Black-tailed godwits, Leighton Moss

Public transport routes and services change and are sometimes axed completely. I'll try to update any changes as soon as I find out about them. Where bus services have been cancelled or renamed I'll strike through the obsolete bus number to mark this change.

Tuesday 3 August 2021

Flixton

Long-tailed tit, Fly Ash Hill

After yesterday's perambulations I decided on a gentle wander round Flixton this afternoon. I walked down Carrington Lane from the station and popped my head over the parapet of Flixton Bridge in the hopes of seeing a wagtail or perhaps a dabchick on the river. I certainly didn't expect to see a dipper! It's definitely a sign of how clean the river's become these days. I'm pretty sure it was a young bird given the pale fringes to so many of its dark feathers.

Dipper, River Mersey

I'd barely gotten to the entrance onto Fly Ash Hill when I bumped into the first mixed tit flock of the afternoon, a large family of long-tailed tits with six or seven blue tits skittering round the bushes by the makeshift car park.

There's been some tittivating of the place since my last visit. A new path has been drained and laid between here and the railway bridge, which is no bad thing but a bit disorienting. There's also been a bout of tree planting on the steep slope alongside the railway line. I'm probably on my own here but I don't altogether approve of this. If you're landscaping an area that's been ravaged by industry or a century of overgrazing then yes, plant away and the more the merrier. If it's an area that's already established as a natural habitat I don't see the point, given sixty years or so it'll become woodland on its own without anyone giving it the hurry-up.  I'm not convinced that a self-grown bramble patch that will naturally be succeeded by trees is any less carbon-friendly than strimming an area bare, bringing a load of nursery-grown wands on a truck and adding a machined wooden pole support and a manufactured cylinder of rabbit-proofing to each. And I do wish tree planting gangs didn't plant them in regularly-spaced serried rows like municipal garden bedding plants.

Anyway…

Fly Ash Hill

Squadrons of woodpigeons flew overhead, most heading towards the fields by the Ship Canal, a few heading back towards Carrington Road. Three buzzards wheeled overhead. One was a particularly noisy juvenile trying to induce a bit of aerial food-passing from the parent. Given that there was no food to pass the noise went on some time.

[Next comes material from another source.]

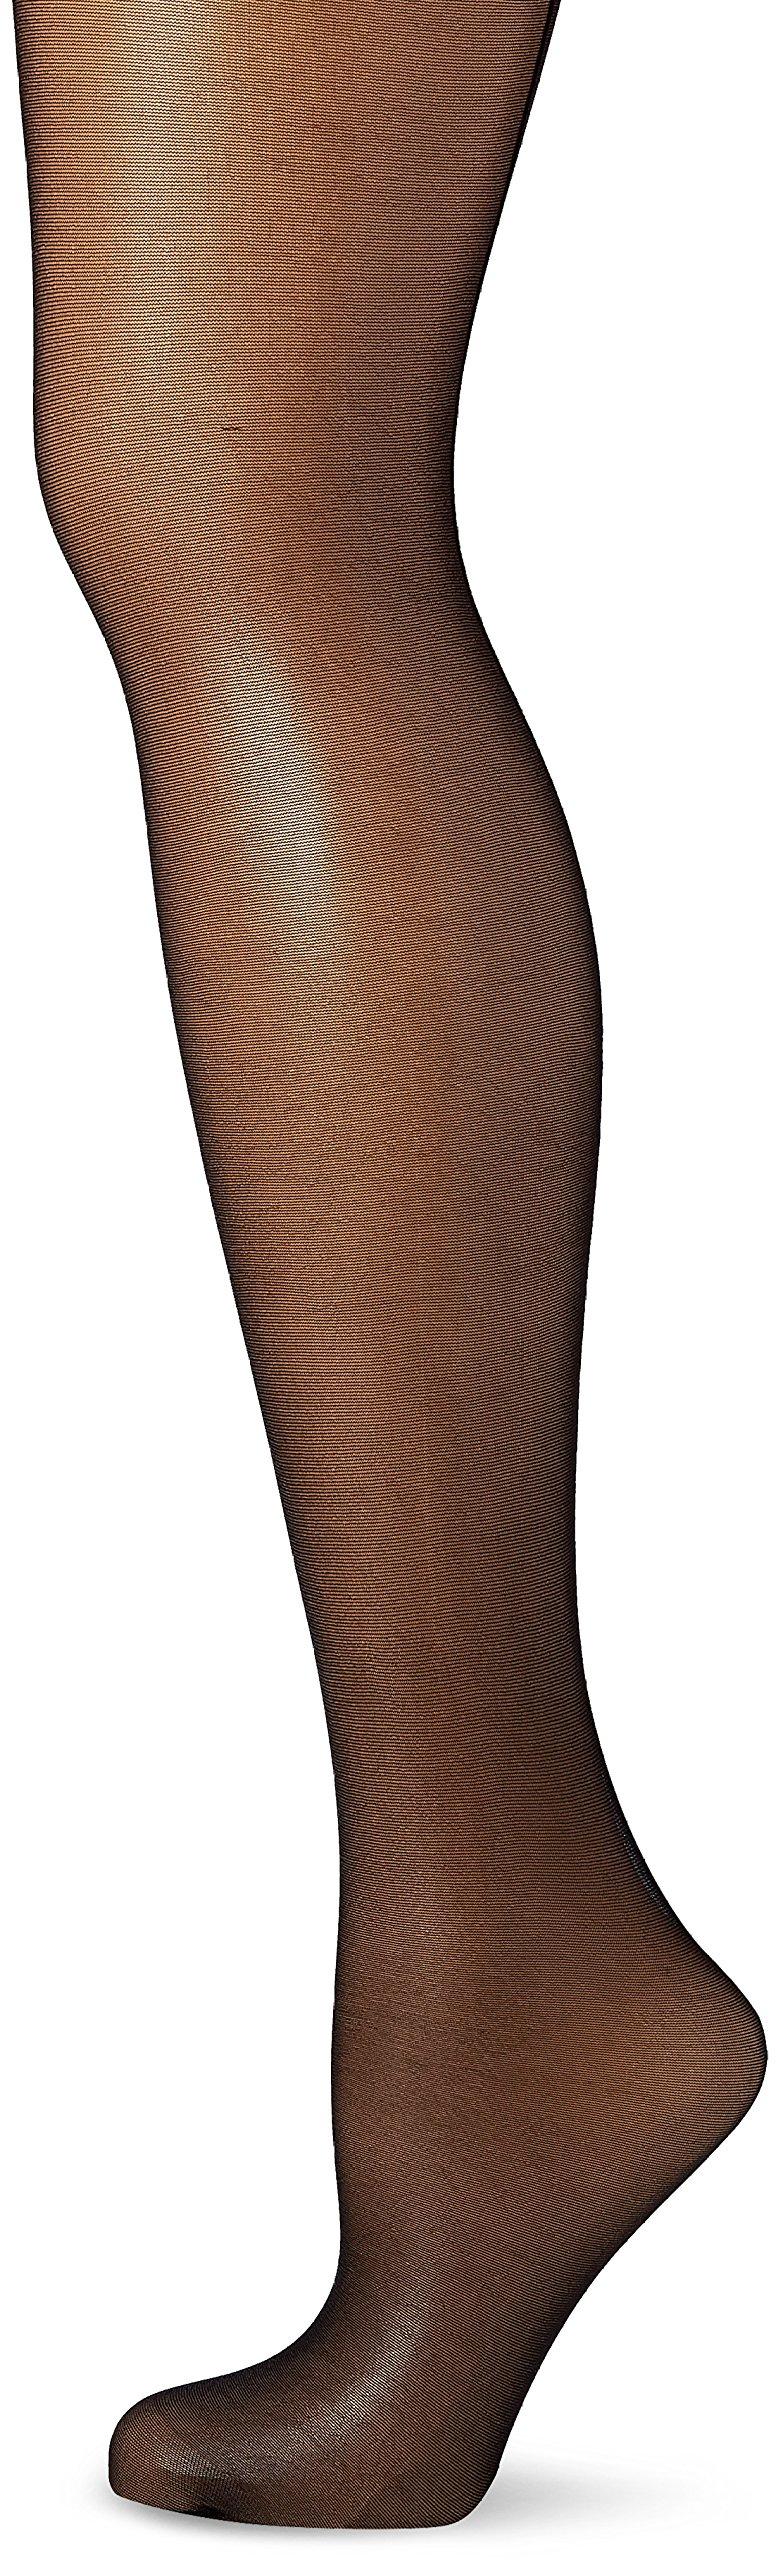 Miss O Seamed Open Crotch Pantyhose -Black-L/XL

Gatekeepers, meadow browns and large whites fluttered round in the long grass and my first small blue of the year was sharing a bunch of ragwort flowers with a couple of honey bees. Good to see some dragonflies about. A few common darters flew low while a common hawker buzzed round at head height. I'll admit to having had to look up the female black-tailed skimmer that patrolled the hawthorn bushes. 

Another mixed tit flock, including great tits and a chiffchaff this time, fossicked around in the willows and poplars by the railway. While I was trying to keep track of them a male bullfinch silently crept into the tree by my side and started feeding on the buds on the twigs just over my head. 

Moorhen, Dutton's Pond

I passed under the railway and had a nosy round Dutton's Pond. It was fairly quiet, the mallards and coots loafing by the side and the moorhens managing not to squabble in the waterlilies. A few more common hawkers patrolled the fringes.

Dutton's Pond

I walked down the path by the railway to Jack's Lane. A mixed tit flock in the willows near Dutton's Pond included blue tits and great tits and a bird which sounded almost but not quite like a willow tit and which actually turned out to be another great tit. I actually found a real willow tit in willow scrub in a ditch at the bottom of the railway embankment. I wouldn't have spotted it had it not been disturbed by a party of great tits that bounced past.

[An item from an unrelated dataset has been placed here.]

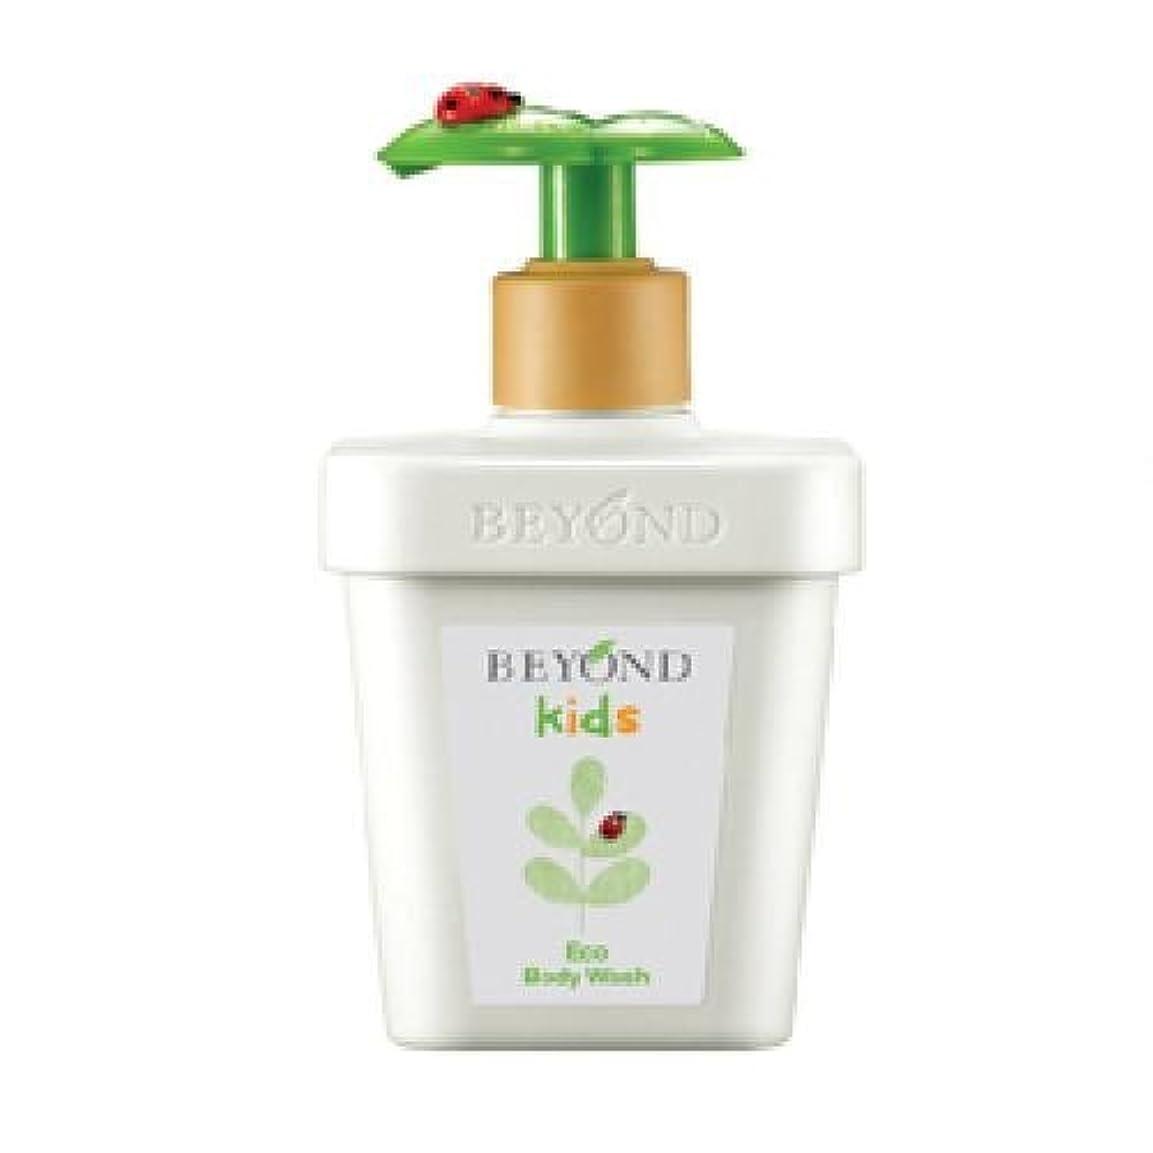 BEYOND Kids Eco Body Wash [Korean Import]

Jack Lane local nature reserve

I walked through Jack Lane nature reserve by the reedbed path. Another buzzard rose from the reedbeds to a chorus of scolding reed warblers. They were as happy to see me there, too: every time I looked round I'd see one of them peering suspiciously at me through the reeds. I could hear a sedge warbler and a water rail but had no luck seeing either. I added a couple of brown hawkers to the day's dragonfly tally.

I carried on down Jack Lane and on to Irlam Road for the bus. I had a bit of shopping to do, the spadgers have cleaned me out completely.